Started a new thread for all us April ladies.

Mama1980 Fri 21-Sep-12 16:27:52

Marking my place smile

EssexWelsh Fri 21-Sep-12 17:03:50

Me too, marking place before I nap, as my mum coming to visit. Is it wrong to tell DP to keep it down as he is clattering dishes and hoovering while I try to sleep grin

AuntyDiluvian Fri 21-Sep-12 17:06:11

Hi everyone - v jealous of all the scans and 12-week milestones, I'm 8+3 and had my booking-in appointment yesterday. Off for a music festival with friends this weekend and feeling incapable of lying, and they'll definitely notice the lack of booze. I want to tell the people who might have mixed feelings gently rather than blurt it out in a group, but also don't really want to tell anyone yet. Urg!

steph2412 Fri 21-Sep-12 17:12:23

Hi all not posted for ages as been feeling so rough!got scan on 2nd october when i will be 12weeks cant wait it still seems ages away!anyone else feeling emotional ive just found myself crying for no reason?also been shoppin today got some maternity clothes as there was a big sale on in asda so thought i might aswell take advantage!i have also lost 9lbs since finding out but my tum still seems to b sticking out!hope everyone is well :-)
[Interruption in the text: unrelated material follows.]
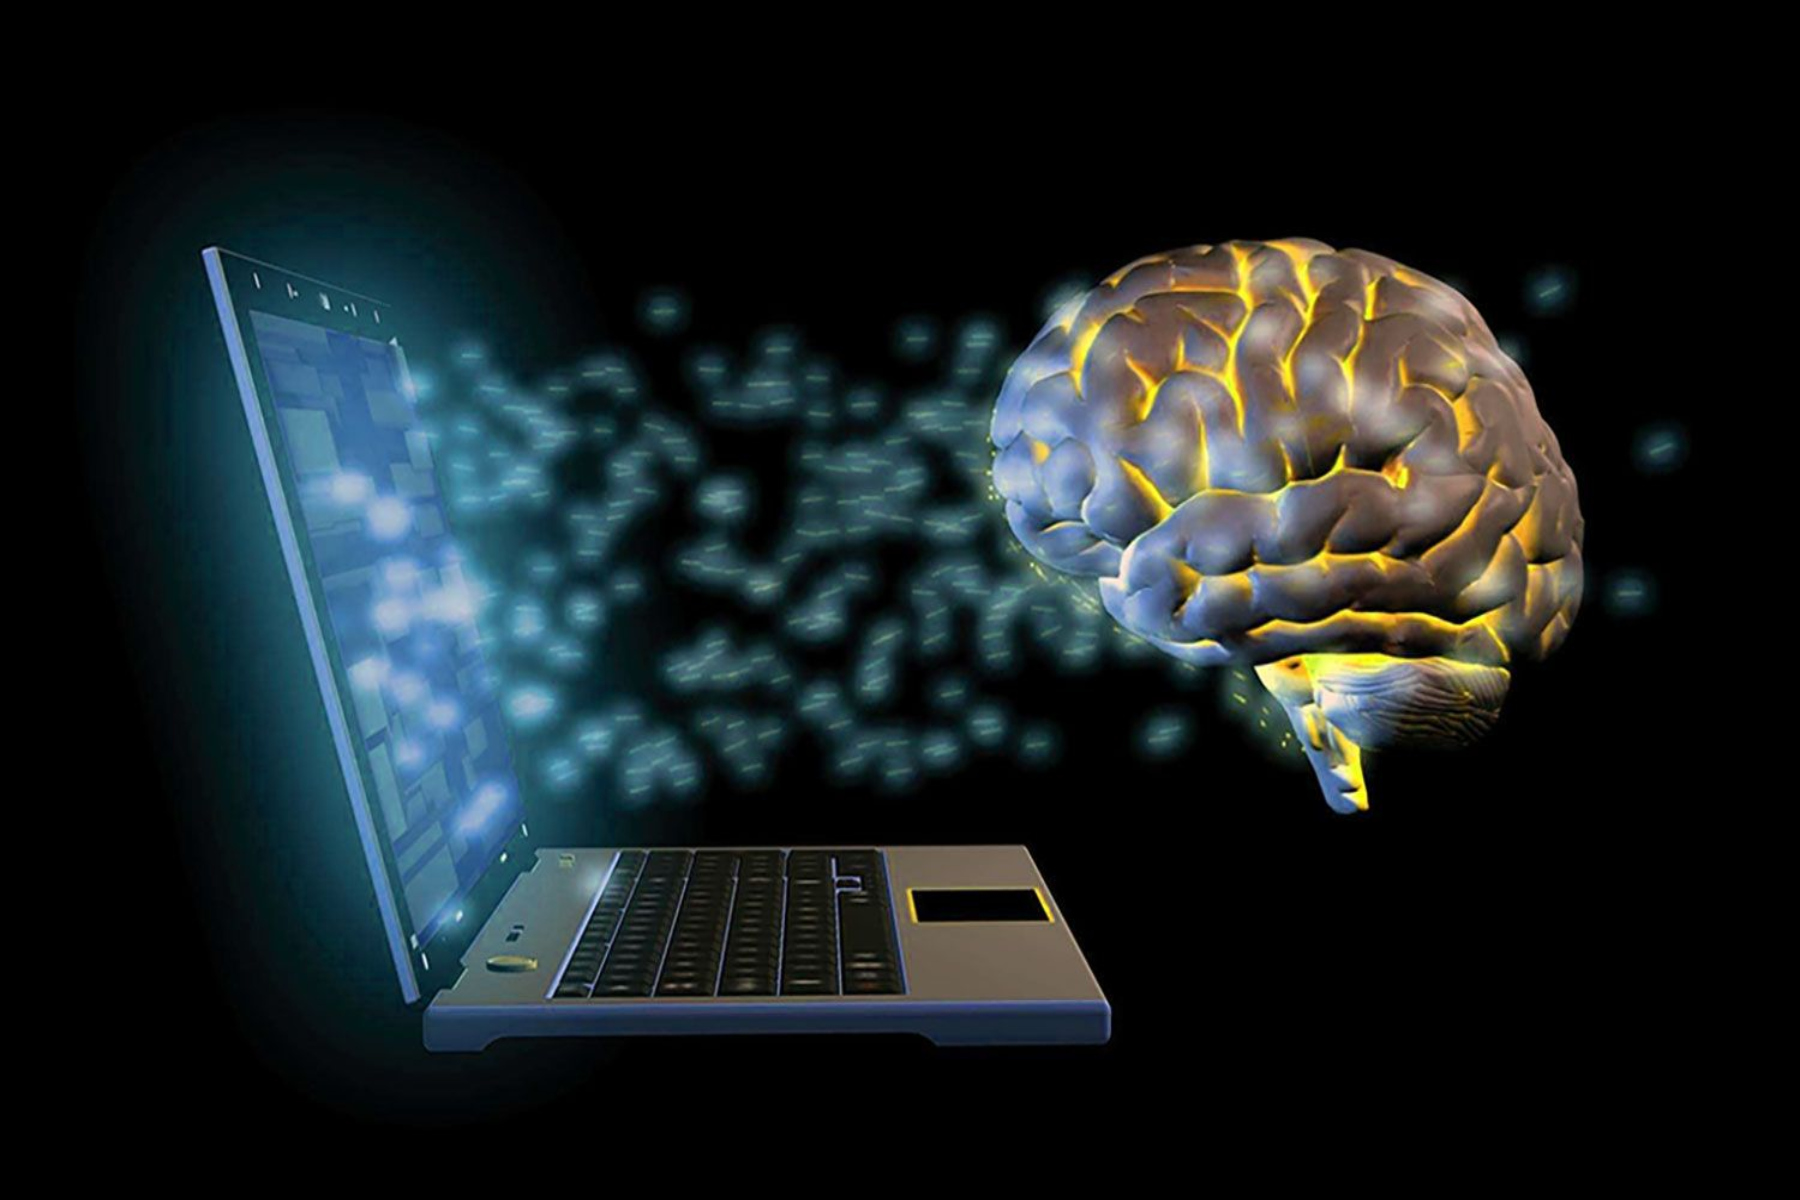 Τεχνολογία: Μελέτη για τη δημιουργία συστήματος διεπαφής εγκεφάλου-υπολογιστή επόμενης γενιάς

BonaDea Fri 21-Sep-12 17:28:58

Hello new thread! Can't believe we're on mark 3 already...

Pebble2012 Fri 21-Sep-12 17:32:35

Hello...Congrats for all of us smile! My EDD is Mid April. First Baby and we have been trying for a while. My 12 wks scan is due on the 28th. I am very lucky with morning sickness since I do not have any.
I had other issues though so it has not been as relaxing and happy as I thought it will be. I had a dodgy blood test so my entire left arm is bruised. I was looking after my friend`s son...next day my friend rang with concern annoncing that her son has chicken pox... I rushed to the GP for another blood test checking for antibodies...I am waiting for my result.I did have chicken pox when I was 3-4 yrs old so it should be fine..still a worry though.
I am also on a certain medication which I cannot stop taking even through pregnancy.Apparently it is one of the safest of its kind so we are positive however it is always on the back of my mind. Anyway that is enough of worrying..it is a miracle and I cannot wait to walk around with a lovely little bump!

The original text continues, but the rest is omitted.